Peki 16 ila 42 yaşları arasında en çok kimlerin kelime dağarcığı gelişme gösterdi? Kullandığımız istatiksel analiz yöntemi katılımcıların sosyo-ekonomik geçmişlerini ve sırasıyla 5, 10, 16 yaşlarındaki kelime testi puanlarını dikkate aldı. Elde ettiğimiz sonuçlara göre hem çocukluğunda hem de yetişkinliğinde zevk için okuyanların kelime dağarcıkları çok daha zengin ve dolayısıyla da dili çok daha ustalıklı bir biçimde kullanıyorlar. Hatta öyle ki, çocukken okuduğunuz kitaplar 42 yaşına kadar kelime dağarcığınızı doğrudan etkiliyor. 42 yaşından sonra okumaya devam edenlerse okumayanlara kıyasla çok daha hızlı bir biçimde öğreniyor ve yaşla beraber dil becerilerinde kayıp yaşamıyorlar. Ancak bu bariz farkı yaratan, sadece okunan kitap sayısı değil. Kırklı yaşlarından sonra okuma tercihini nitelikli kurgu eserlerden yana kullananların kelime dağarcığı kazanımı, alelade kurmaca okuyanlara kıyasla oldukça çok daha yüksek. 

Okumanın ömürlük faydası

Araştırmalarımız gösteriyor ki, çocukluğunda okuma sevgisi kazananlar bu alışkanlığı ömür boyu sürdürüyor ve hayatları boyunca öğrenme bakımından herhangi bir zorluk çekmiyorlar. Okumanın bizlere sağladığı fayda çocuklukla birlikte sona ermediği gibi, çocuklukta kazanılan okuma sevgisi yaşamımız boyunca bize çok farklı alanlarda beceri kazanma imkânı tanıyor. 

Günümüzde gençler boş zamanlarını değerlendirmek için birbiriyle yarış halinde olan çok fazla imkâna sahip. Yeni teknolojiler gençlerin okuma zevkini ellerinden almak yerine onlara bu zevki paylaşabilecekleri bir alan yaratabilir. Fakat bu konuda elbette en büyük rol okullara düşerken bugün çoğu okulda kütüphanenin bile bulunmaması gerçekten endişe verici. Halk kütüphanelerine yönelen tehditse aslında salt kitaplara değil, yaşam boyu öğrenmeye yönelik potansiyel bir tehdit.

Her şeyden de önemlisi, eğitimdeki başarı büyük ölçüde bir evde kitap olup olmamasına, daha doğrusu o evde okuma alışkanlığı bulunup bulunmamasına bağlı. O yüzden az kitaplı evlerden gelen çocuklara okuma sevgisini nasıl teşvik edeceğimizi düşünmemiz gerek.

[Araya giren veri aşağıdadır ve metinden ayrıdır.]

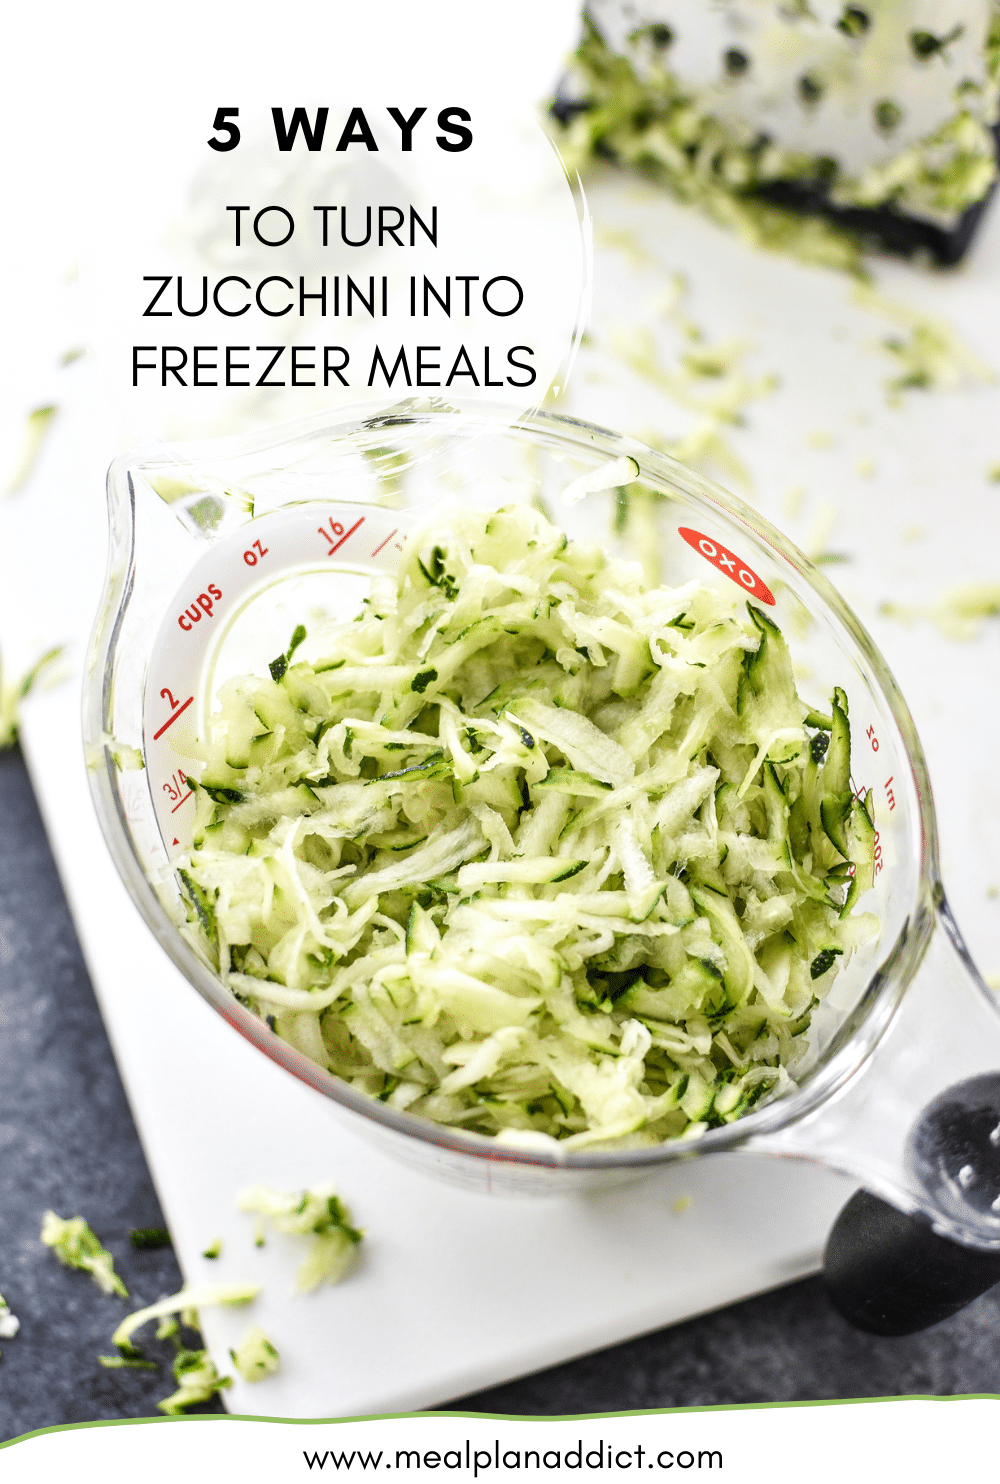 5 Ways to turn zucchini into freezer meals

Üstelik araştırma sonuçlarına bakılırsa entelektüel beceriler açısından fayda sağlayan okuma türü, bizden biraz daha fazla zaman ve emek isteyen daha zorlayıcı kurgular – yani bir kitabın dili ve kurgusu ne denli basitse muhakeme ve dil becerileri açısından bize sağladığı fayda o derece sınırlı oluyor.